Amongst C programmers, a "Lint checker" is a program that checks for
possible errors that the compiler, because of the way the language is
defined, cannot itself detect. The name has carried over to Prolog. In
this context, a Lint checker will have as one of its functions a check
for possibly-misspelt variables. Such a check is based on the assumption
that the programmer will use _ to denote variables that occur only once:
    member( X, [X|_] ).
    member( X, [_|T] ) :- member( X, T ).

If this assumption holds, then should a named variable occur once only,
it must be misspelt. The program below performs such a check. It
proved invaluable when I wrote the arrays module, which contains large
numbers of similarly named variables, and in which I made a large number
of typing errors.


(9) Automatic program testing.
------------------------------

When developing programs, it is useful to have some way of testing
predicates against their specification, and to be able to run these
tests automatically every time you update a module. The entry AUTOTEST
in my library does this, and I have included it with the source of the
Tutor. The idea is that one can write a "script" (not the same as the
Tutor's scripts) containing test calls and an indication of whether
these calls ought to succeed, fail or raise an error.

The table below shows some typical tests.
*   append( [1], [2], [1,2] ) :: s.
        The goal should succeed.
*   member( x, [] ) :: f.
        The goal should fail.
*   see( V ) :: c.
        The goal should crash.
*   see( 'Not a filename' )::crashes(error('-RMS-E-FNF, file not found'))
        The goal should crash with a specified error code.

This program has come in useful during several cycles of modification.
It can of course be used for programs other than the Tutor.


(10) Timing goals.
------------------

In writing the Tutor, I have to admit that I have not been unduly
concerned with efficiency, taking the view that if response at the
terminal is too fast to produce a visible delay, it is fast enough.
Nevertheless, it is sometimes necessary to make predicates more
efficient, and attempting to do so can provoke some interesting
exercises in program transformation.

"The Craft of Prolog" contains in chapter 3 predicates for measuring
the amount of CPU time consumed by a goal. I have adapted these to
Poplog, and the result is in CPU_TIME.PL.

When using these on our VAX, it becomes apparent that the values
returned by the Pop procedure systime differ substantially even between
successive calls of the same goal. Although Poplog is unlikely to be in
exactly the same storage state at the start of each goal, it is unlikely
that the differences in state are great enough to account for these
variations. More likely is that the operating system routine called by
systime is counting swap time or other operating system activities as
part of the caller's CPU time: a not terribly helpful way of accounting.

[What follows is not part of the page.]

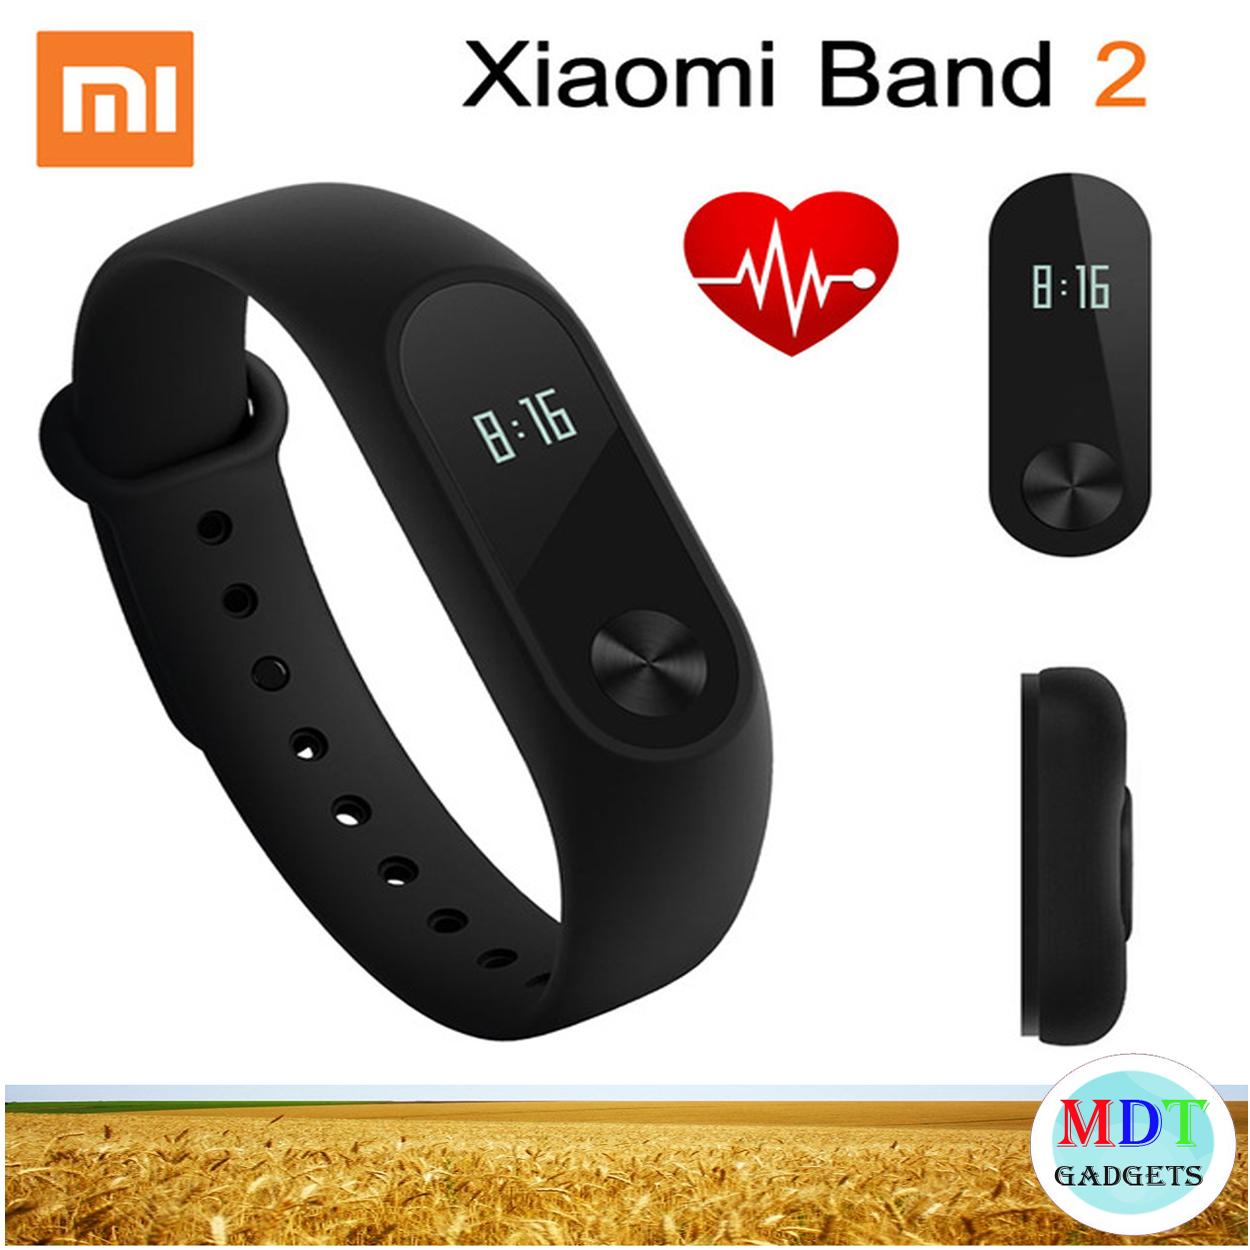 Xiaomi Mi Band 2 Smart Heart Rate Monitor Fitness Tracker (Black)

Because of these variations, it's useful to get some idea of the scatter
between adjacent calls of the same goal. The predicates in MEAN_TIME.PL
do this.


(11) The use of Pop-11.
-----------------------                    

The first version of the Tutor made extensive use of Pop-11, calling it
from Prolog whenever something could not be done in Prolog (testing for
file existence, reading command-line parameters), or could be done more
efficiently in Pop (editing strings, sending output to character lists).

In writing this book, I have kept to Prolog wherever possible. In a few
places, there was just no portable way to do what I needed to do, and I
have had to retain the calls to Pop-11. Any modules that do still call
Pop are clearly commented, and I have suggested ways of porting to other
Prologs. Poplog is in fact quite poor in Prolog extensions, presumably
because it  is possible to do most things in Pop-11; many other
Prologs - Quintus, Prolog-2, C-Prolog for example - are well
supplied with predicates for doing what I've had to do via Pop.

In my code, the use of Pop signals itself in two ways. The predicate
prolog_eval(P) treats P as the name of a Pop-11 routine and calls it,
then succeeds. prolog_eval(P,R) calls P, expecting it to return a
result, and unifies R with that result.

The Pop-11 code itself is in separate files with the extension .P.
These are loaded with the predicate pop_compile, defined in LIB.
If you don't use Pop, you can forget all about these.